Your objective
All of the data, except its images, should be set down exactly as it appears.

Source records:
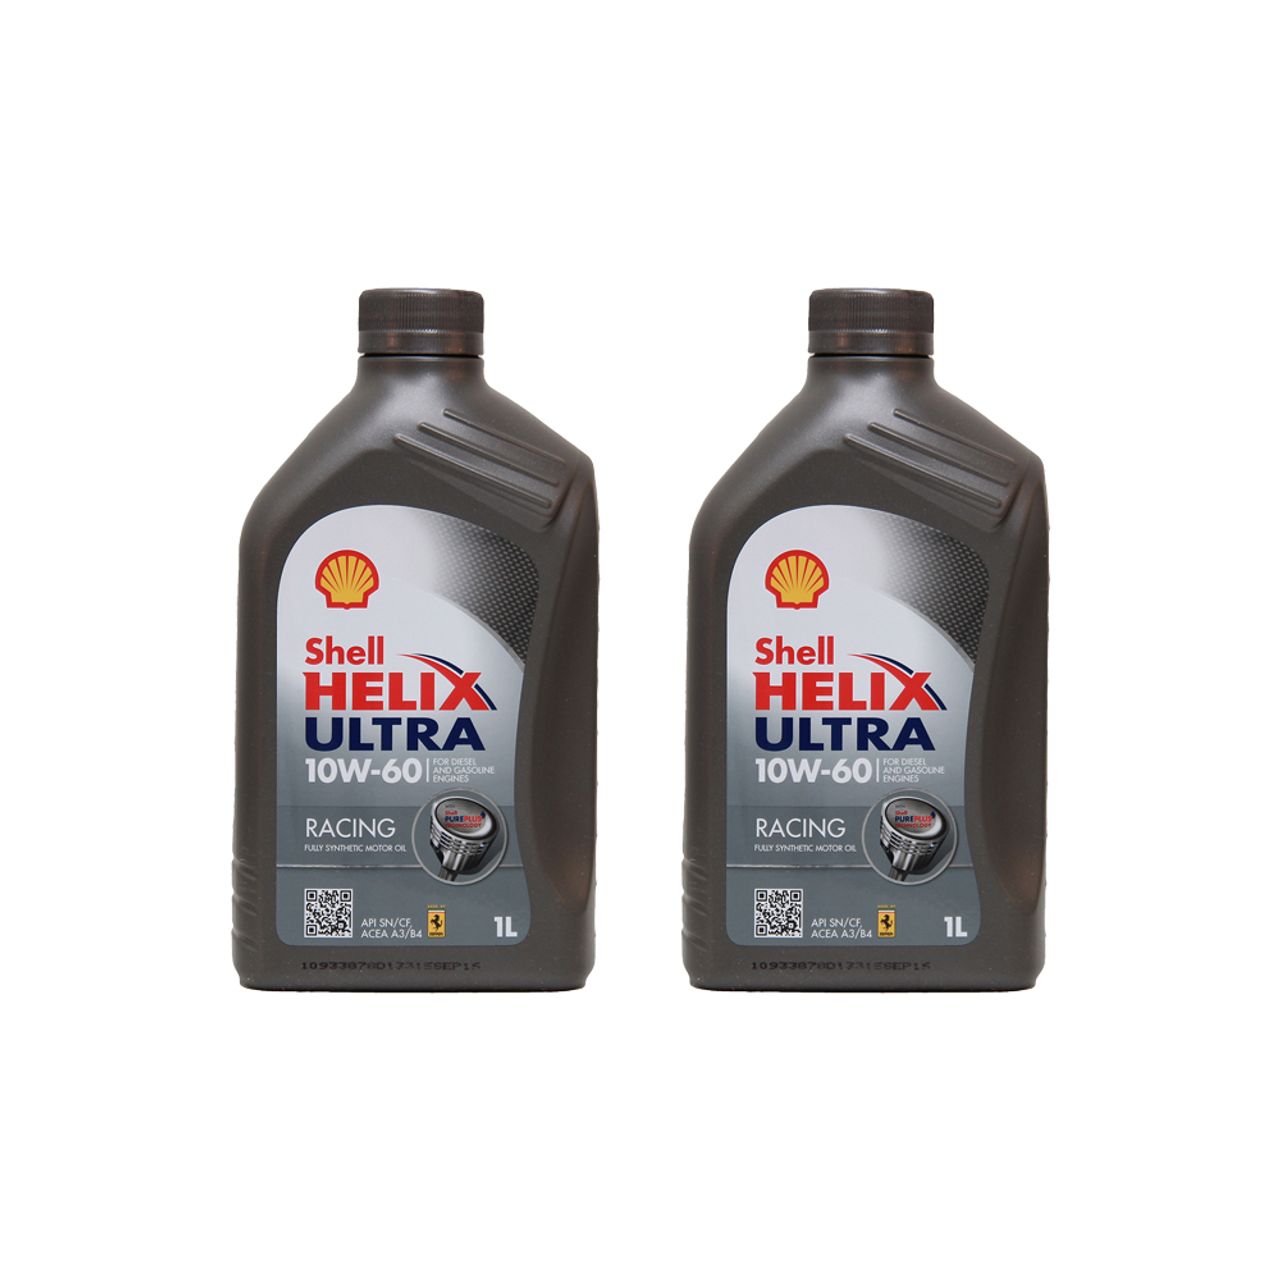 Shell Helix Ultra Racing 10W-60 2x1 Liter
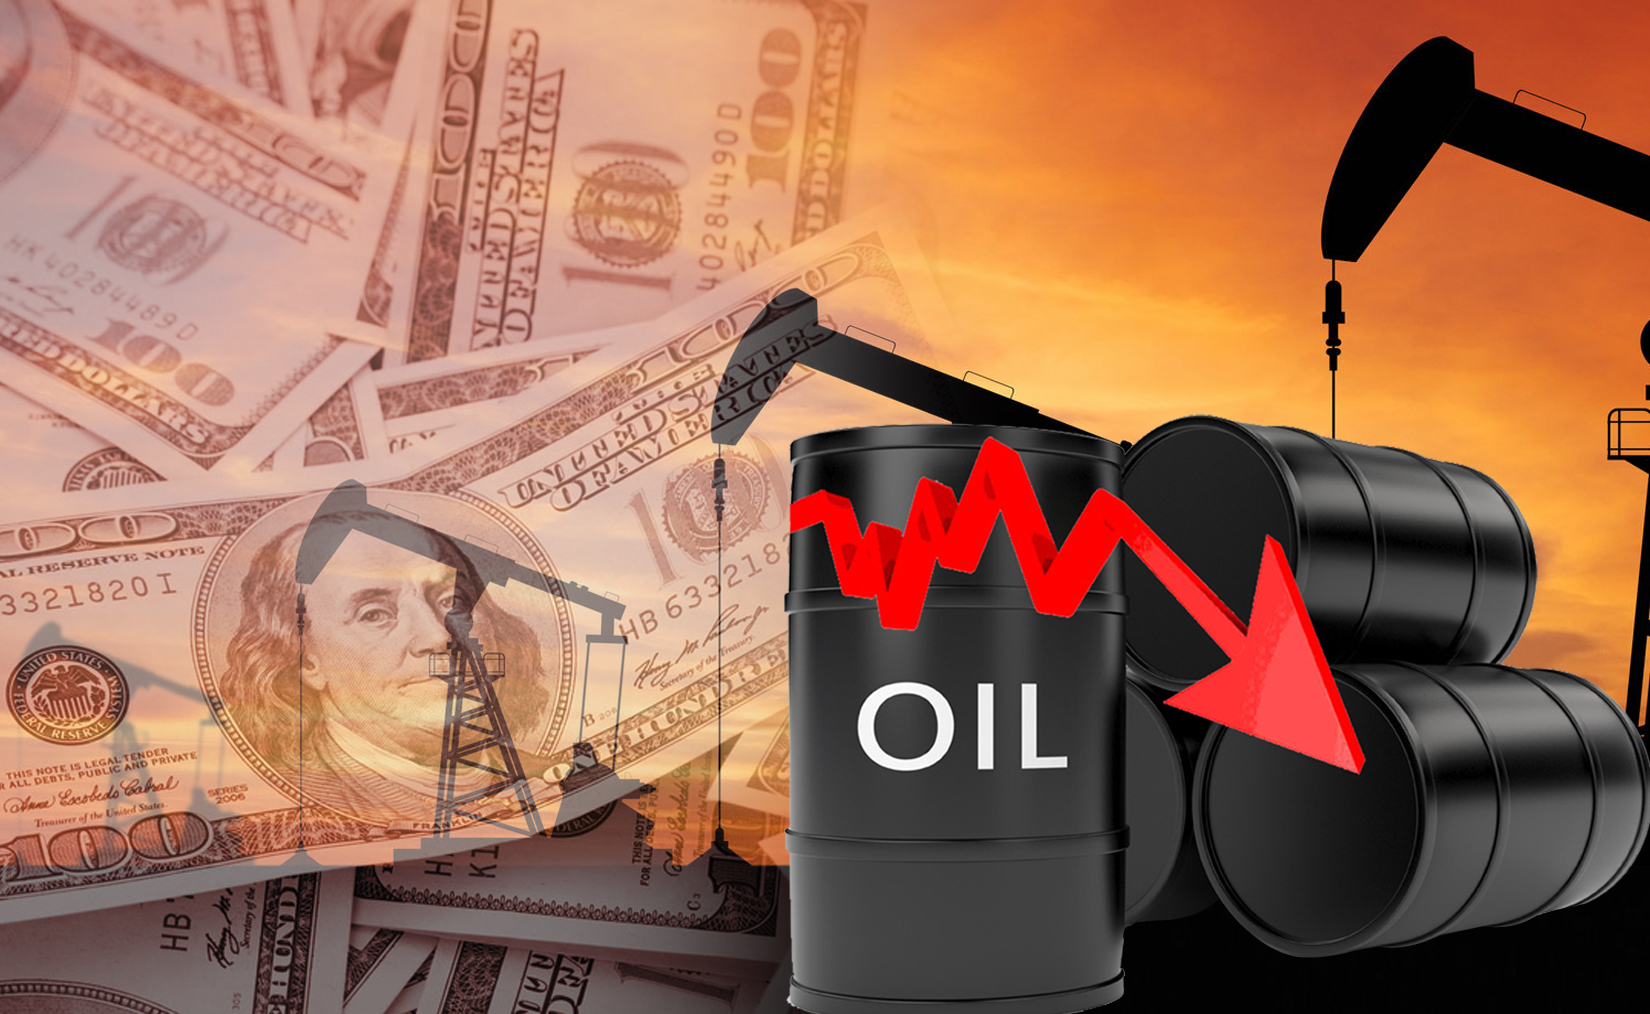 Kuwait oil price down 73 cents to USD 55.92 pb
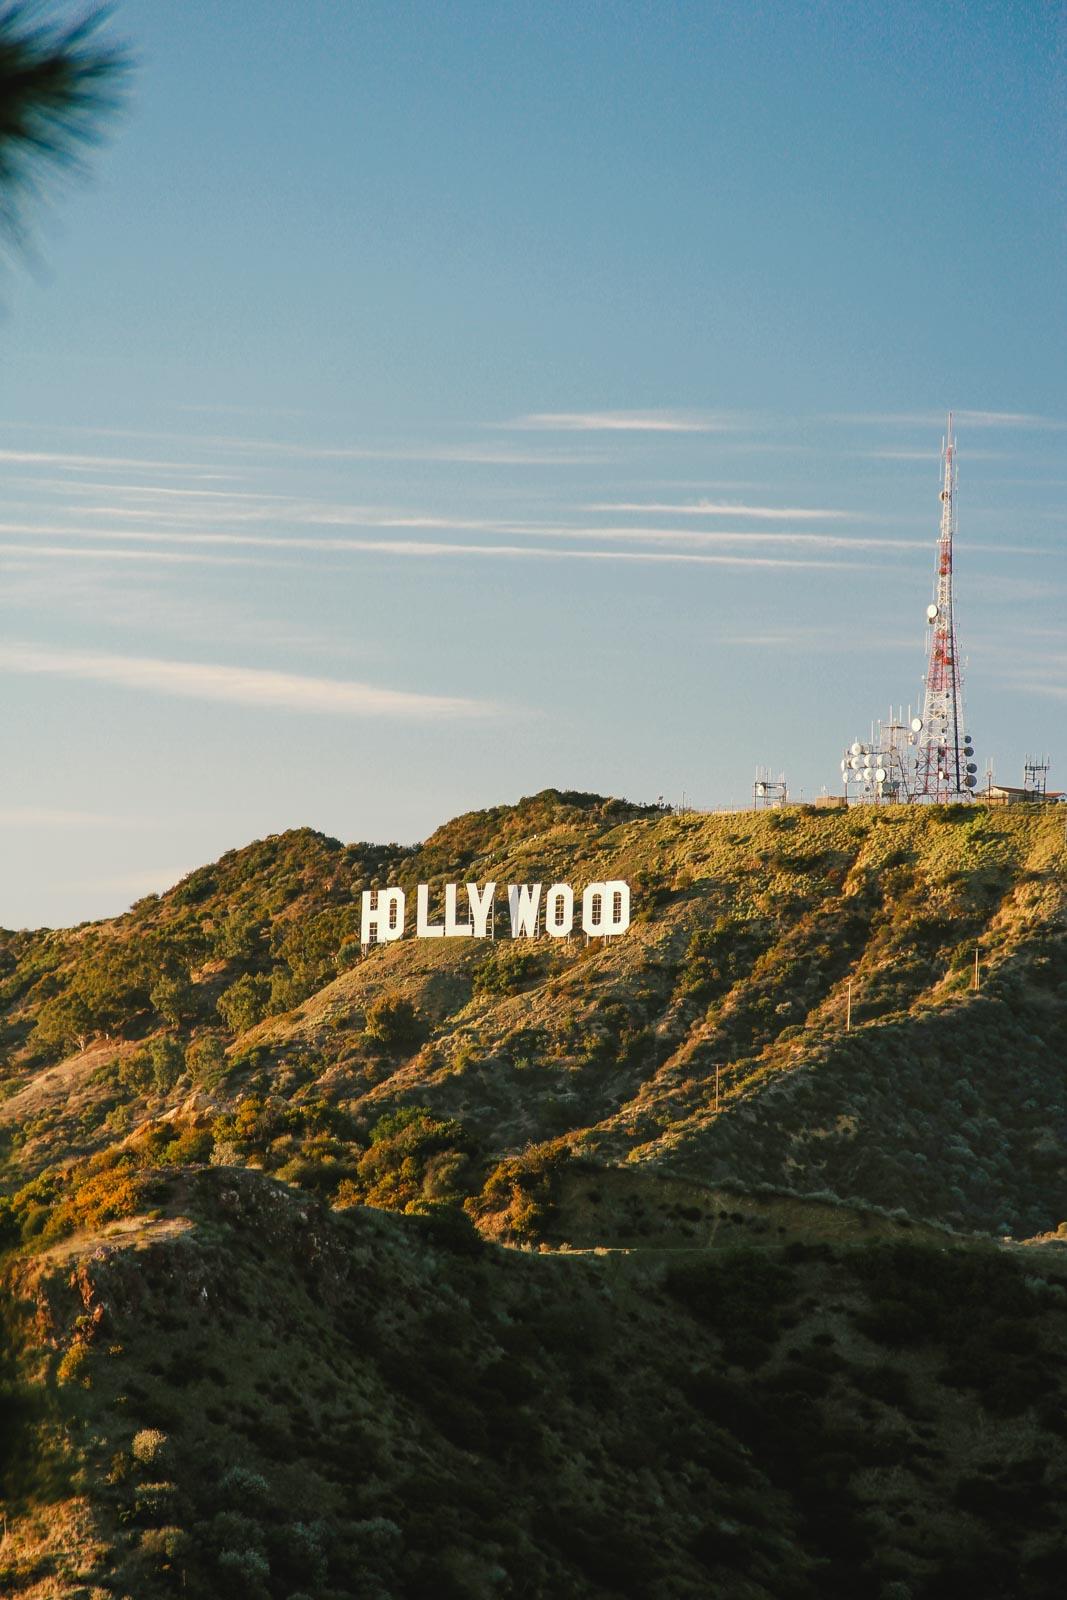 Hollywood sign © Gabe, unsplash
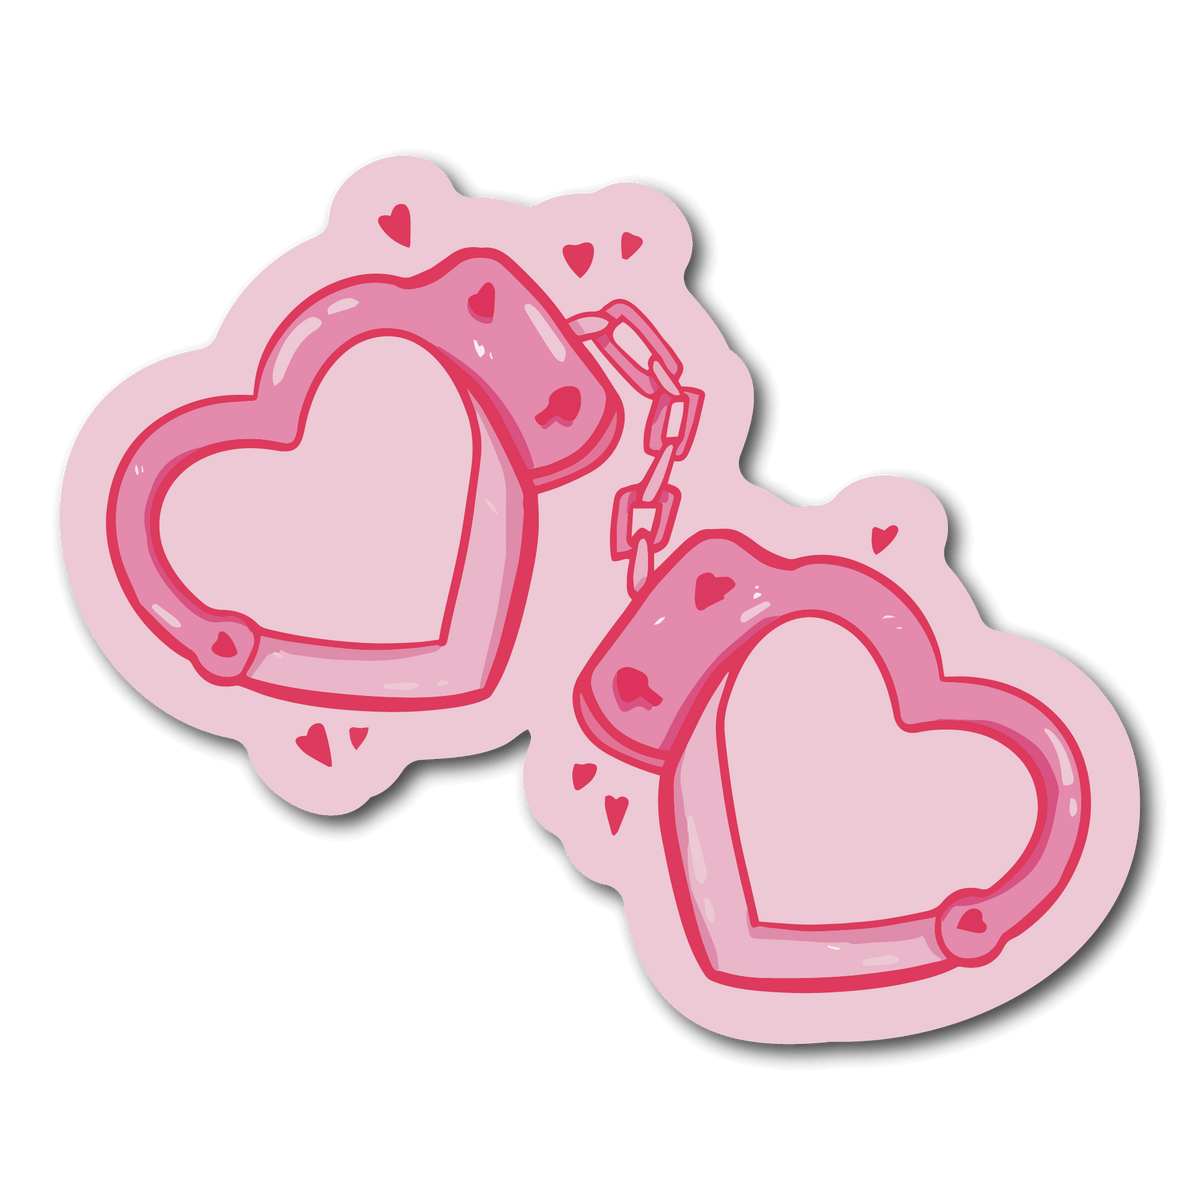 Small Sticker of Pink Heart Shaped Handcuffs
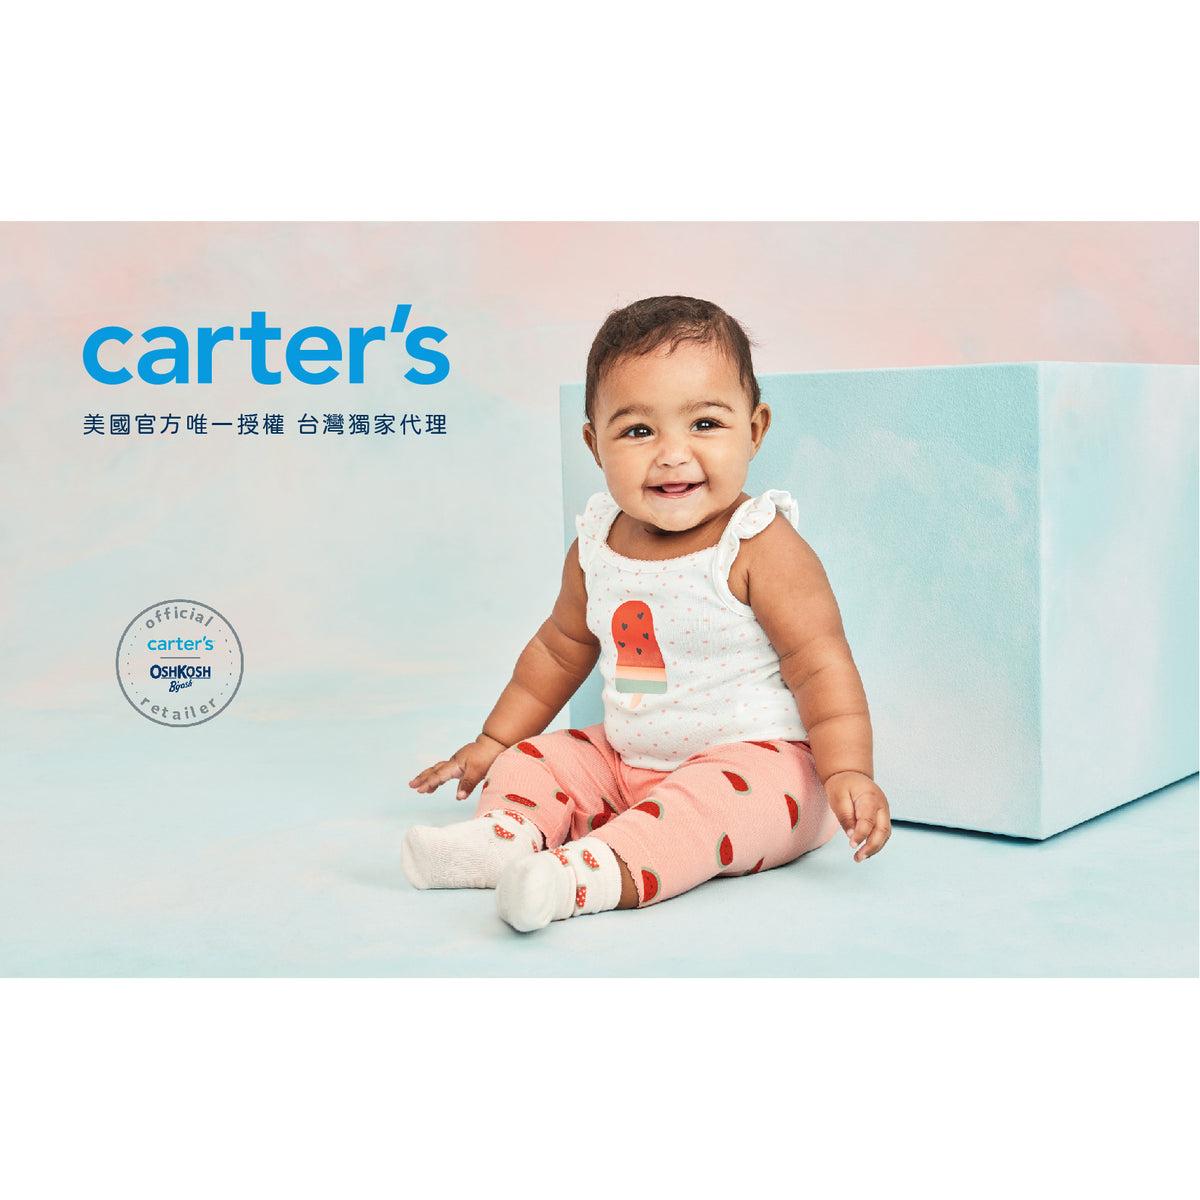 Carter's 櫻桃甜心連身褲(6M-24M)

Task answer
 Shell Helix Ultra Racing 10W-60 2x1 Liter
 Kuwait oil price down 73 cents to USD 55.92 pb
 Hollywood sign © Gabe, unsplash
 Small Sticker of Pink Heart Shaped Handcuffs
 Carter's 櫻桃甜心連身褲(6M-24M)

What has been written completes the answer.